A tu per tu con il cantautore toscano, alla vigilia del suo atteso debutto sul palco del Teatro Ariston
Tra gli esordi più attesi della 69esima edizione del Festival di Sanremo, spicca il nome di Francesco Motta, in arte Motta, uno degli esponenti più interessanti della nuova scena cantautorele. “Dov’è l’Italia” è una canzone destinata a non passare inosservata, bensì a lasciare il segno in questo particolare e disorientato momento storico che stiamo affrontando. Dopo aver calcato il palco dell’Ariston per ritirare la prestigiosa Targa Tenco lo scorso ottobre, l’artista classe ’86 tornerà in riviera per prendere parte alla gara della più ambita e importante kermesse musicale del nostro Paese.
Ciao Francesco, benvenuto su RecensiamoMusica. Comincio col chiederti dove e come è nata “Dov’è l’Italia“?
«Tutto è cominciato da un viaggio che ho fatto a Lampedusa, dove ho parlato con il capitano di un caicco che mi ha raccontato una storia interessante. Su quell’isola ho conosciuto dei supereroi, persone eccezionali che hanno accettato l’idea del diverso, abbracciando culture differenti. In genere compongo le canzoni al mio ritorno, in questo caso ho scritto il pezzo in giro per il mondo, in particolare anche a New York, ho scoperto che la lontananza ti porta a vedere le cose con più lucidità».
Cosa hai cercato di trasmettere attraverso le parole di questa canzone?
«In questo testo ho cercato di trasmettere il mio disincanto e tutta la speranza che nutro nei confronti dell’essere umano, ho molta fiducia nel popolo italiano, nonostante consideri questo Paese malato, a tratti maleducato e con troppa violenza. Oggi come oggi, purtroppo, avverto una forte mancanza di educazione civile».
Non hai il timore che questo tema, sociale e non politico, possa essere strumentalizzato o non compreso perfettamente?
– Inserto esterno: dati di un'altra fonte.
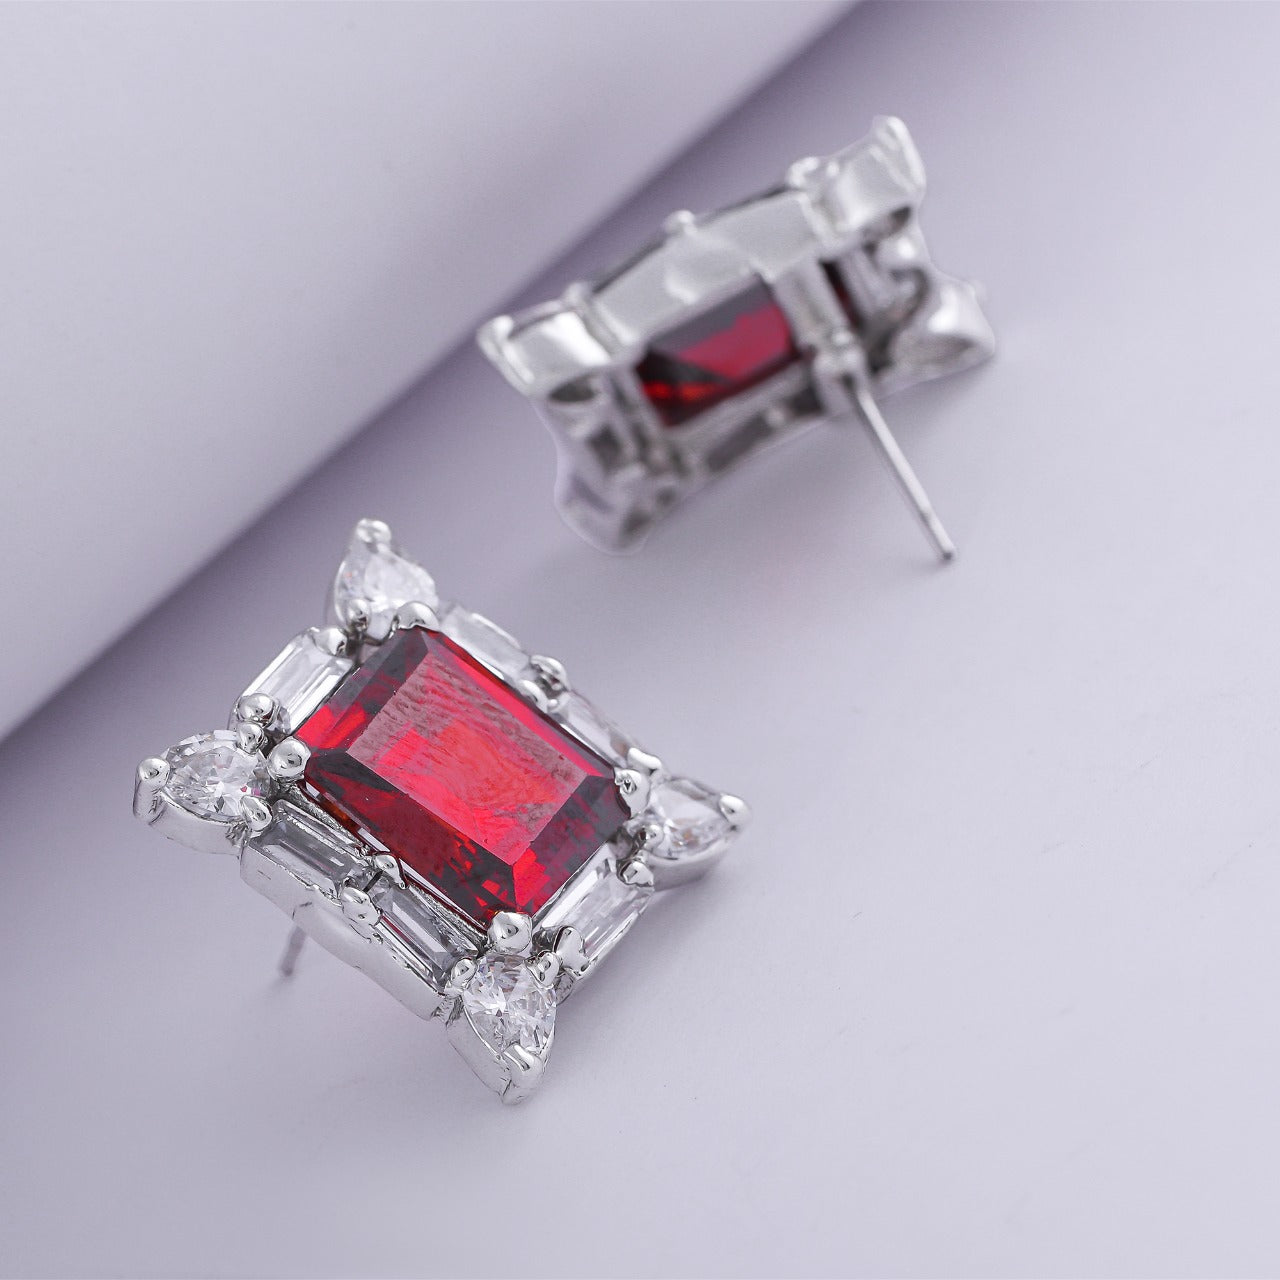 Estele Non-Precious Metal Gold and Silver Plated American Diamond Ruby Stud Earrings for Girls

«Si, come ho paura di uscire di casa, nel senso che le cose che non conosciamo possono in qualche modo inquietarci, ma ho voluto rischiare e giocarmela dicendo come la penso. Sono state strumentalizzate anche le parole di Claudio Baglioni, che non ha detto niente di politico, ha solo espresso un pensiero umano, ovvio e comprensibile. I miei genitori mi hanno insegnato ad avere rispetto per gli altri, se non si riescono a comprendere queste cose semplici e piuttosto basilari il problema non sarà certo nel mal interpretare la mia canzone, ma in qualcosa di molto più grosso ed elevato».
Nonostante questo hai deciso di esporti in uno dei contesti più importanti d’Italia, perché?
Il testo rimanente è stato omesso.